The Attempt at a Solution

...
[tex]
m = \pm i
[/tex]

This is the way i was doing it:
[tex]
C_1 e^{it} + C_2 e^{-it}
[/tex]

You did not specify what t is. y is function of x. You assumed the solutions in form [tex]y=x^m [/tex] and you got

[tex]
m = \pm i
[/tex]

The solutions are y₁=xⁱ and y₂=x^-i, the general solution is y=C₁xⁱ+C₂x^-i.

[tex]x=e^{\ln(x)}[/tex].

With that, you can write the solution also in the form
[tex]
y=C_1 e^{i\ln(x)}+ C_2 e^{-i\ln(x)}
[/tex]ehild

 

[LCKurtz]

Perhaps your text or teacher has talked about how the equation ##ax^2y''+bxy' + cy = 0## can be converted to a similar constant coefficent equation ##a\ddot y + b\dot y + cy = 0## by the change of variable ##t=\ln x##. Then you solve the second equation for y as a function of ##t## with your usual ##e^{rt}## method.
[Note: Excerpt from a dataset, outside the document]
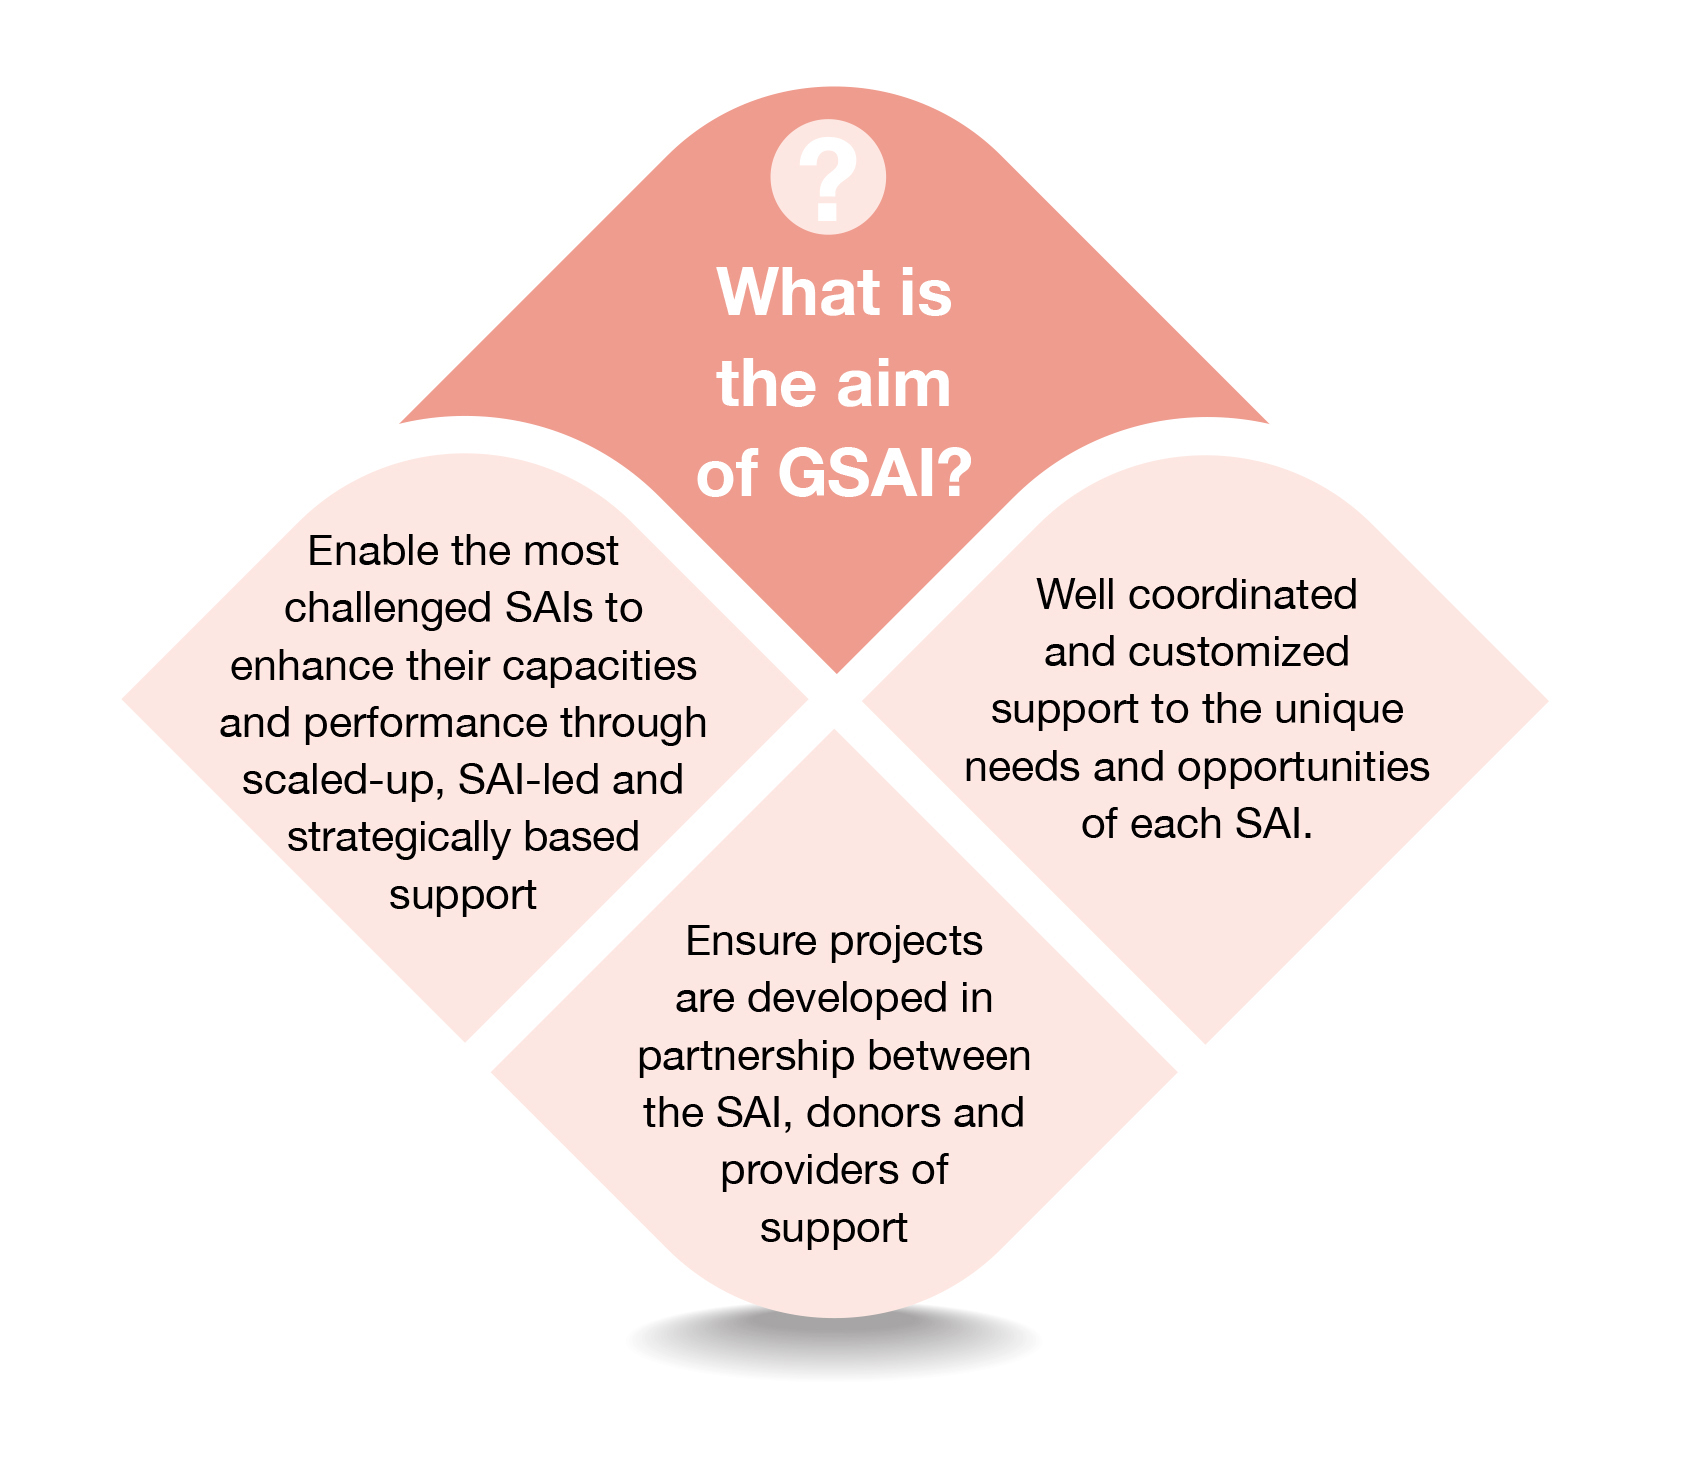 GSAI aim graphic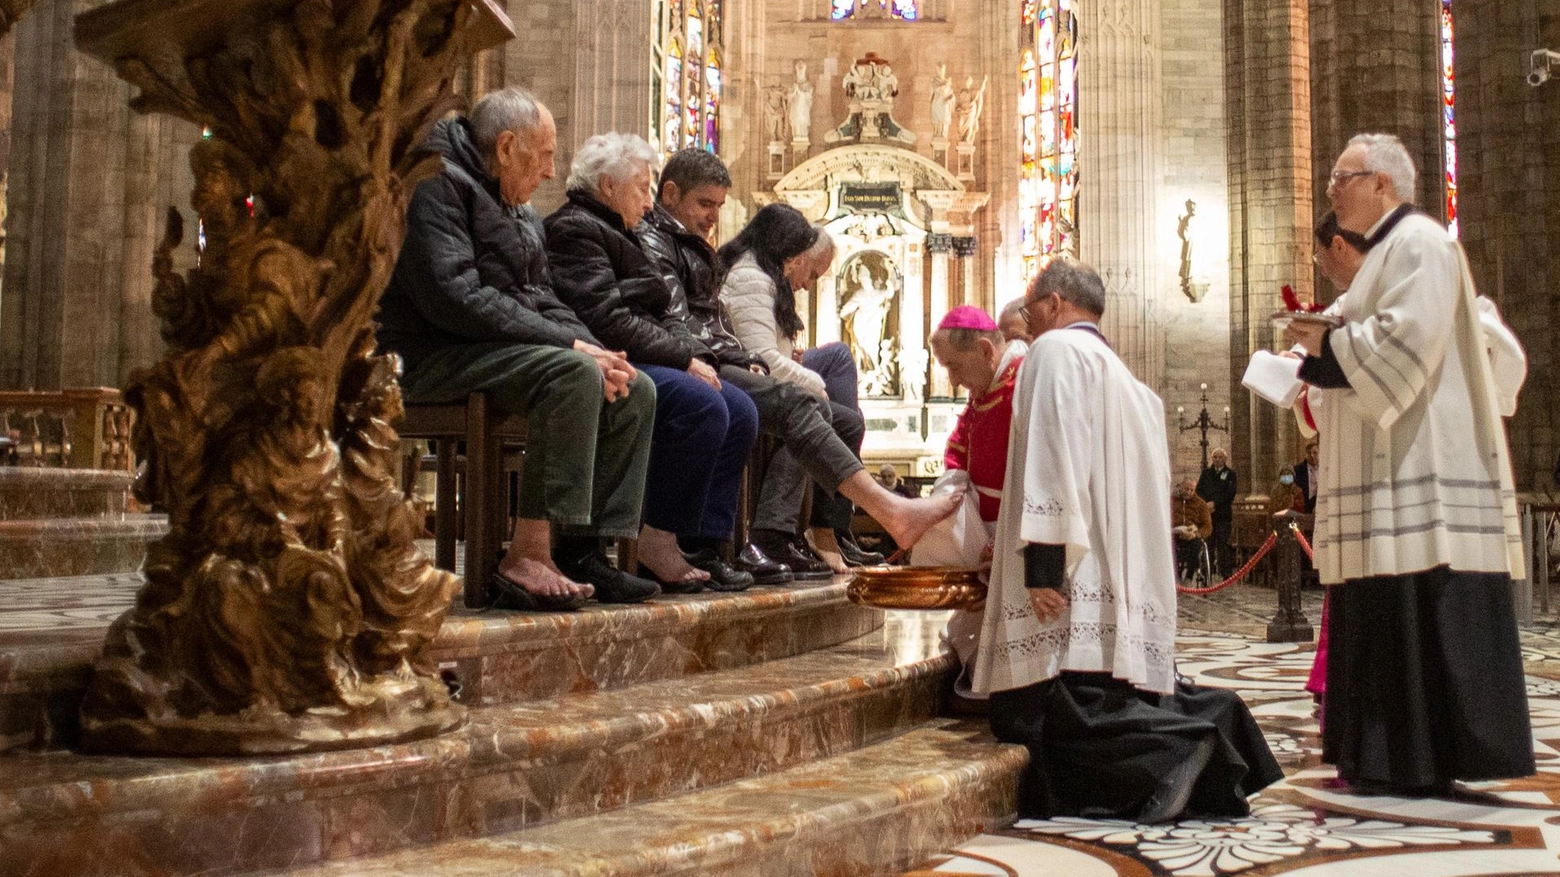 L’arcivescovo ai sacerdoti: "Svestiamo la maschera dell’ottimismo di principio. E preghiamo per la pace"

Once you have that solution you put ##t=\ln x## in and presto, you have the solution to the original problem. The method you describe sounds like that is what they are doing.

I noticed a typo after it was too late to edit. The equation ##a\ddot y + b\dot y + cy = 0## should have been ##A\ddot y + B\dot y + Cy = 0##. The transformed equation has different constants than the original.